# Apache2 php

## klaus_harrer

Hallo

Seitdem ich Apache2 geupdatet habe werden PHP Seiten nicht mehr geparst.

Musste erst einmal /etc/apache2/conf/apache2.conf löschen um apache2 zu starten(läuft nun von /etc/apache2/http.conf).

Was ich noch herausbekommen habe ist das VHOST läuft "APACHE2_OPTS="-D DEFAULT_VHOST".

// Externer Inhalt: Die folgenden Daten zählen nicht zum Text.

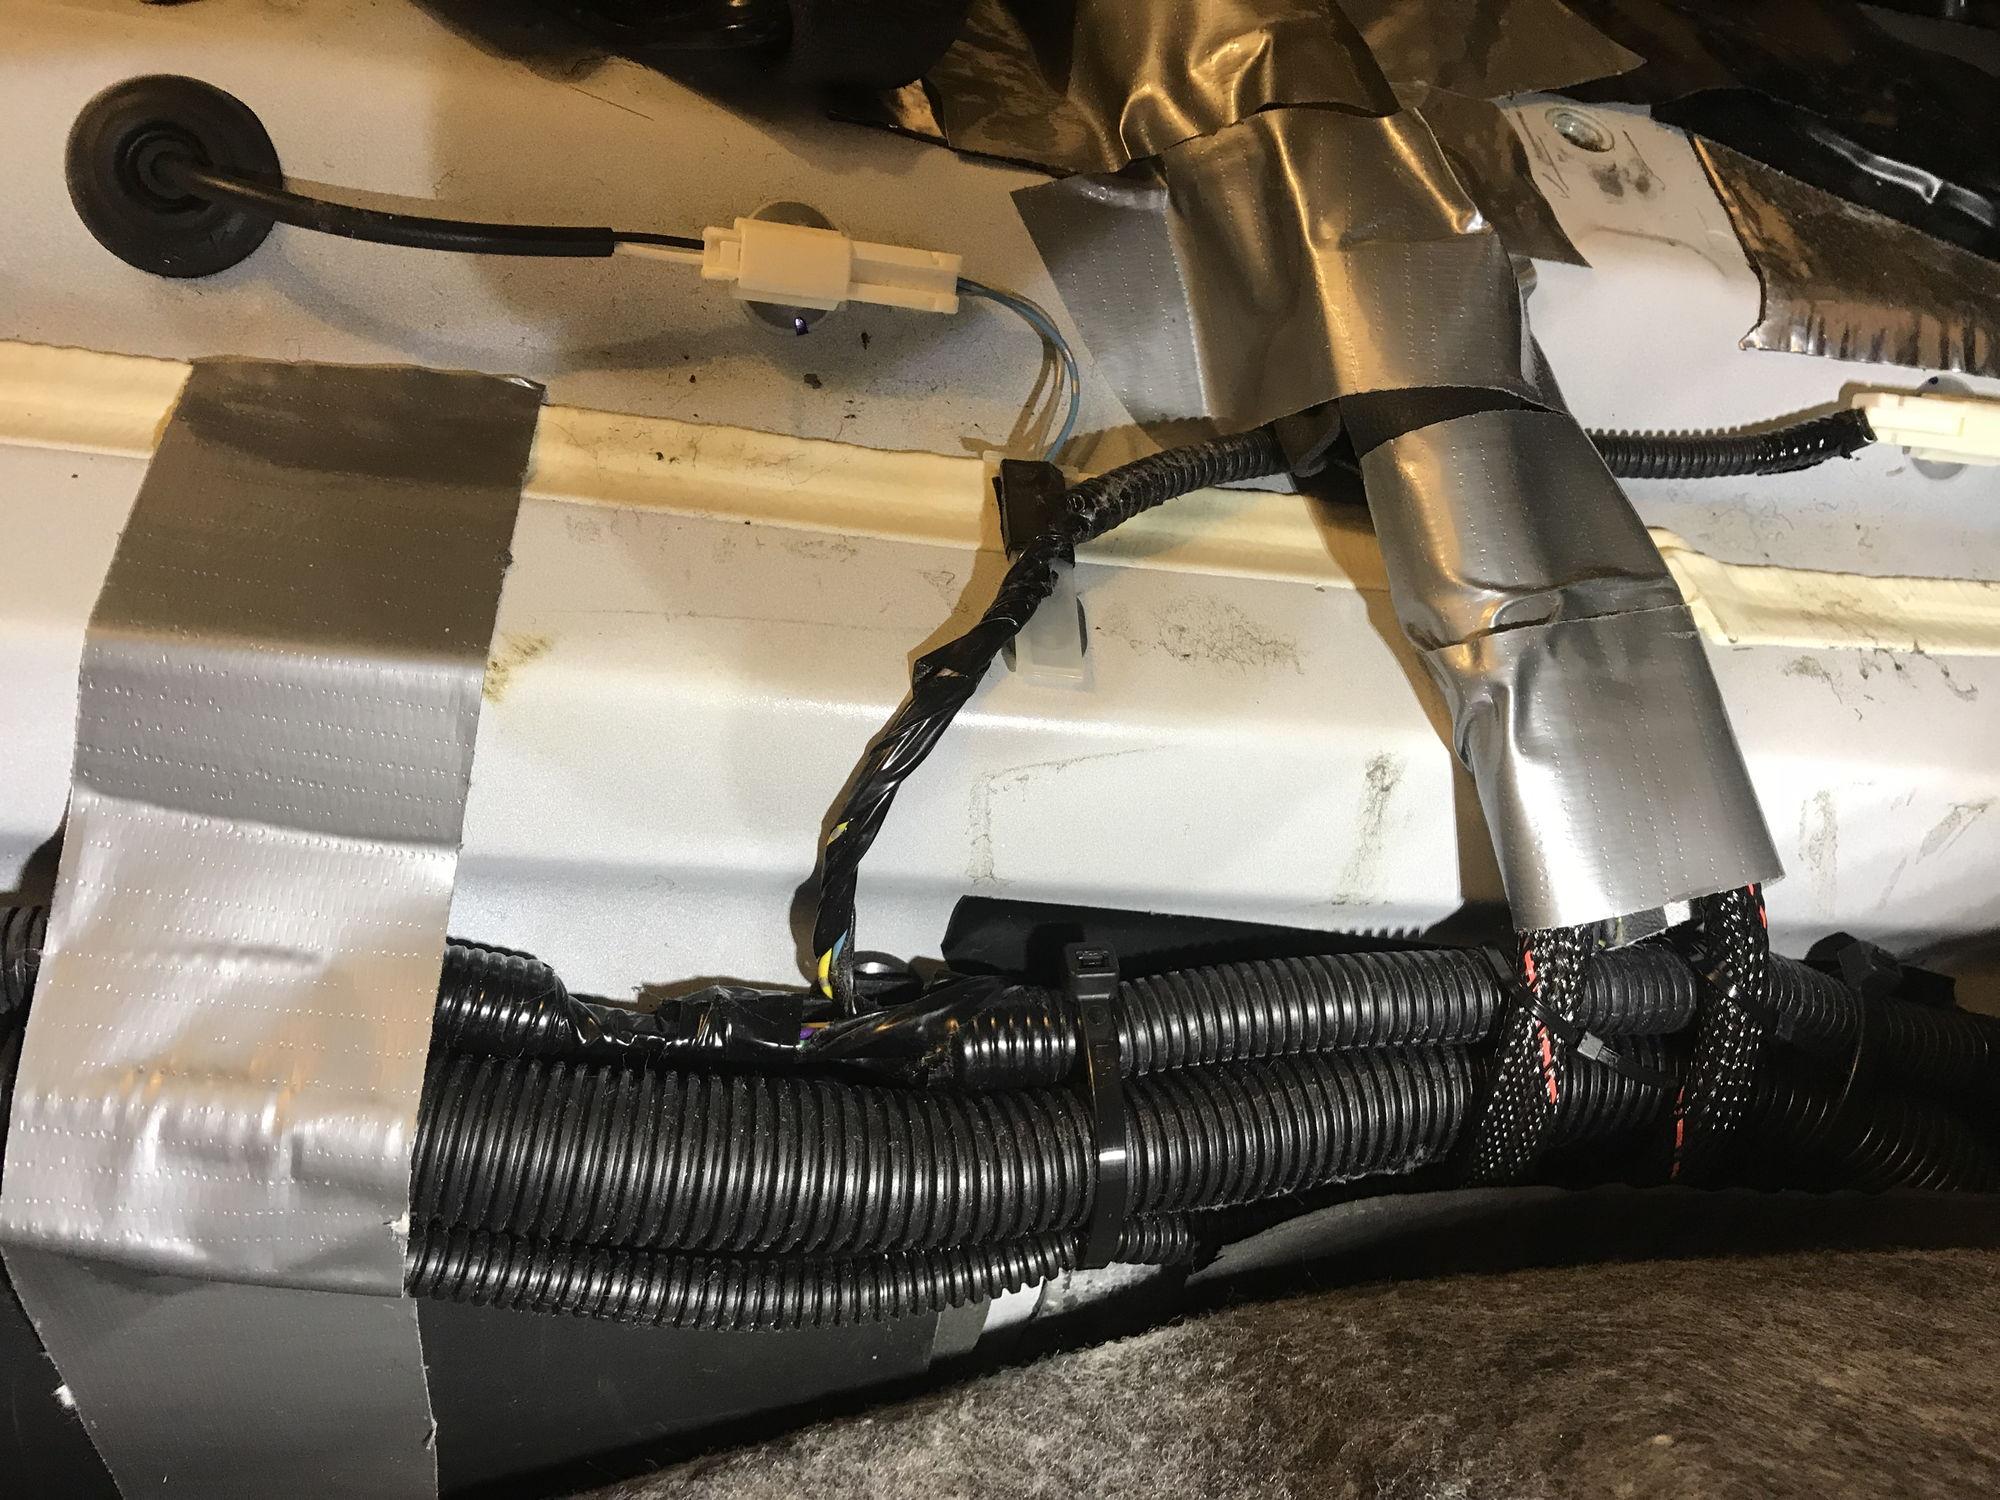 2013 Honda Fit Build Thread  Sony  Zapco  Dynaudio  Morel  Maybe Jl  Etc   - Page 5
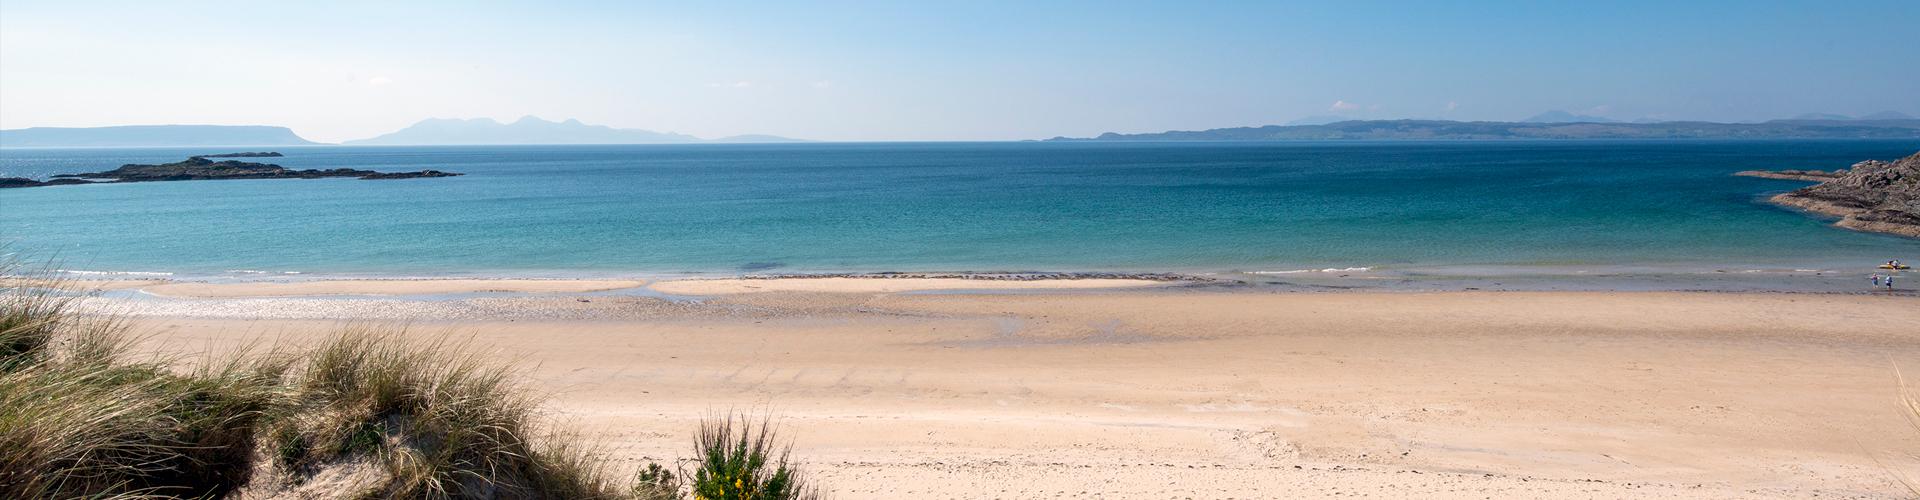 Camusdarach beach looking across the sea to Skye, Eigg and Rum

Wäre schön wenn mir jemand weiterhelfen könnte.

MfG

Klaus

----------

## tango

Im Wiki stehen dazu viele Beiträge..

In /etc/apache2/httpd.conf muss PHP geladen werden und ebenso /etc/conf.d/apache2 

Danach ein /etc/init.d/apache2 restart

Und schauen ob es funktioniert, ggf. Logfiles posten...

tango

----------

## Hilefoks

Moin,

 *klaus_harrer wrote:*   

> Was ich noch herausbekommen habe ist das VHOST läuft "APACHE2_OPTS="-D DEFAULT_VHOST".

 

dahinter fehlt dann nur noch ein -D PHP (bzw. -D PHP5)

Mfg Hilefoks

----------

## pablo_supertux

siehe auch https://forums.gentoo.org/viewtopic-p-2742624.html#2742624

----------

## klaus_harrer

Hallo

 *Quote:*   

> 
> 
> In /etc/apache2/httpd.conf muss PHP geladen werden und ebenso /etc/conf.d/apache2 
> 
> 

 

Das ist doch eigentlich nicht ganz richtig, da ja mit "Include /etc/apache2/modules.d/*.conf" alle module geladen werden die im Verzeichnis "/etc/apache2/modules.d/" stehen.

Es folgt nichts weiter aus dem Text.